— Storage Horizons Blog —
Five myths and Half-truths are my second installment that I’ll continue on the Storage Horizons blog in increasing depth, because I’m convinced that efficiency is key to Cloud computing being successful for tier1 applications as well as any new IT configuration where overall cost is now a metric in the business.
The first myth is that all drives are the same. I think it’s because of the bifurcation of the PC/desktop market and the enterprise IT sector, as well as the margin that storage providers have placed upon enterprise drives. There are key differences, and relate not only to performance, but reliability, data integrity, and overall ruggedness for 24×7 utilization. This is contrasted to a drive that’s either meant to be used 8 hours a day period, or a drive that is meant to have basically continuous, less strenuous workload. The key here is that since HDDs rather look the same on the outside, a good number of people just think they ARE all the same. It’s so unfortunate, but its exacerbated by the fact that drives are used incorrectly because of this as well as the environment they are placed within (packaging, which I will cover later). All of this relates to how and why drives fail, or at least seem to fail.
Enterprise drives vs. Nearline and Desktop drives are always a subject of conversation about whether they are worth it or not in both ends of the conversation. The point is that they all have a place, and they should be used there!
It’s always interesting to see the ‘new idea’ of using the cheaper drives in place of the enterprise to achieve the same thing. When you consider the type of drive and solution to solve the data protection of data centers, considerations like the sheer numbers, the entropy difference between the solution size with different drive types can be staggering small or unfortunately, very large, driving service costs constantly.
A half-truth is that hard drives are unreliable. Well, if you believe the first one, this one leads to it directly and indirectly. Depending on different drive types, then service load, environmental conditions, and storage software in servers or arrays that interface with the drives, the pull rates of drives in the field would suggest they are just failing at a rate of almost 10%! This, when hard drives typically are specified at 1% failure rate if used in proper operating rate and environment.
To get specific (my daughter says nerdy), HDD (and SSD’s for that matter) have a specified duty cycle (amount used per day and how hard they are pushed) that the 1% failure rate specification comes from. It’s actually called the MTBF (mean time between failure) and typically manufacturers of drives strive for the 1 million hour number, after which there are diminishing returns on striving for more.
Enterprise hard drives (also called mission critical) are rated at 24×7 usage at full-speed operation. This means using it all day every day for say a database that moves the heads around constantly. This generates the most heat and the most wear, depending on the type of environment the drives is contained within, enclosure wise. Nearline hard drives (also called business critical), are rated at about 30% duty cycle per day for their 1 million hour MTBF or 1% failure rate. This means it can be used about 24 hours a day at 30% usage without undue wear and commensurate failure rate. This type of drive is not for a database, rather for backup and archive. The 30% duty cycle relates to the type of environment the drive is supposed to be used within. If only it were true, and I’ll explain later.

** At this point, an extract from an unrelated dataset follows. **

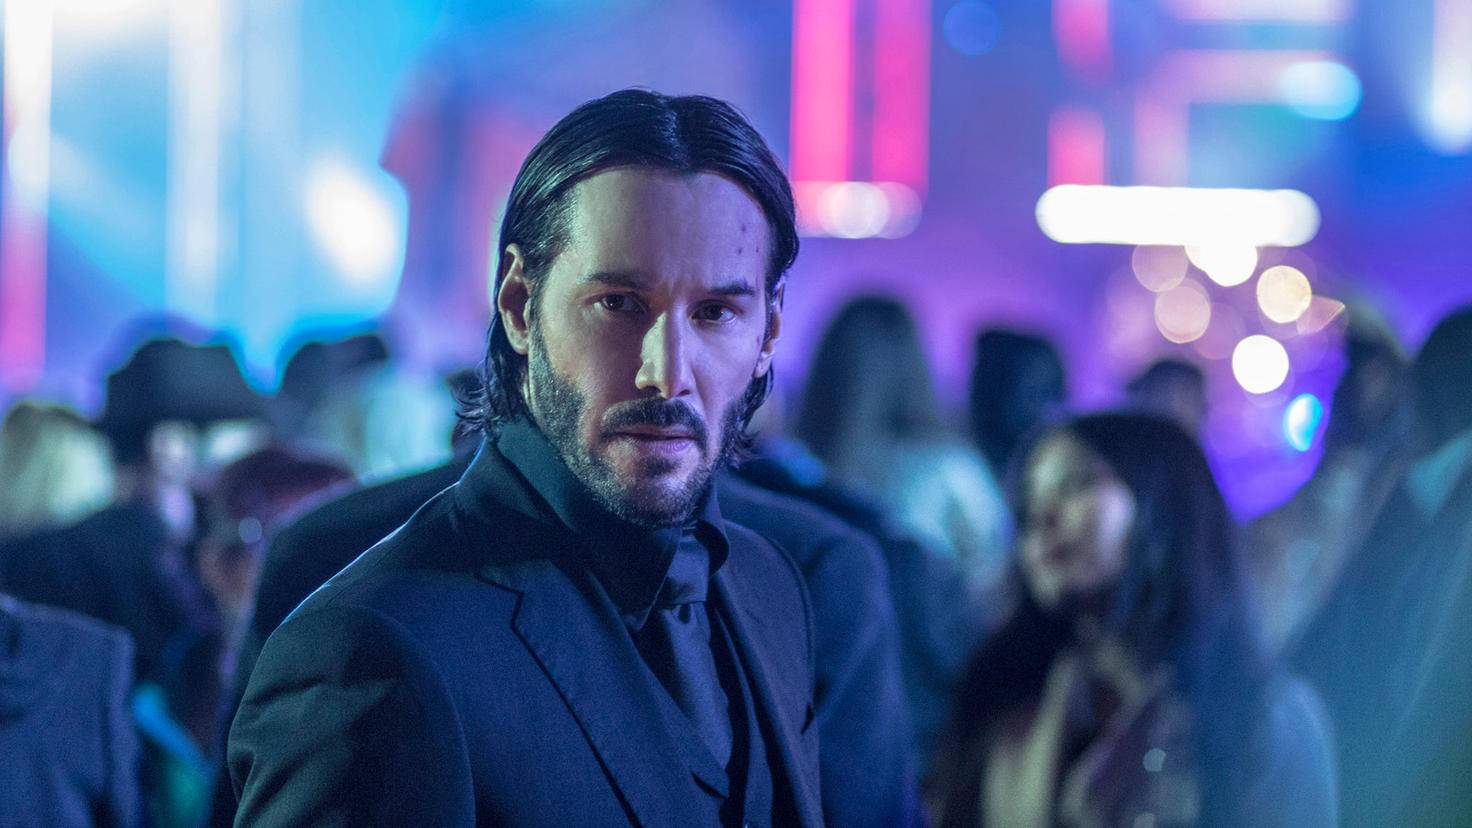 John Wick Kapitel 2 Keanu Reeves

The last type of HDD is the desktop drive, used for PC’s. This is what people normally think of when they talk about SATA drives. This is the cheap drive you find at the electronics store and wonder why when you buy drives from your storage vendor why they cost so much more. The cost difference is not at large as you think, but most vendors of storage do rake customer over the coals for enterprise and even nearline drives all for the sake of ‘extended testing.’ Suffice it to say, it’s basically a rip-off of the customers and does explain a lot of about some of the new data centers that chose to use the cheapest drives possible and just employ mass numbers with n-way RAID-1 while dealing with the massive fall out of drive failures from over used drives in bad environmental situations. Getting back to desktop drives, these drives are meant to be used no more than 8 hours per day period. The metrics used are based on long standing degrees of design discipline within drive manufacturers. This is the way they cut costs between the three basic drive types.
To recap, enterprise drives are built for performance and high utilization, while nearline drives are meant for back-up and archive. The desktop drive is meant for the PC or external backup drive at home or in a small office.
The actual environment that drives are placed within is something of note recently. I was interviewed by Bloomberg after which an article about vibration in the data center was published in Business Week late last year. The reporter asked me many questions related to loss of performance based upon microvibration within data center racks in which the drives are housed. While this is true, and can cause up to 90% loss of performance in a drive based on ‘bad’ packaging, the key point to make is well past performance. It’s about reliability of the actual drives and the potential for early failures as well as false failures or ‘NTFs’ (no trouble found).
Half of the reasons that hard drives actually fail are because of heat and vibration. An HDD is an amazing device, and if treated as specified, with low external vibration and heat placed upon it, the HDD will last a very long time, and most likely suffer slow degradation over time versus a total failure. I’ve been in the disc and storage engineering world for 32 years and the facts have gotten buried for way too long.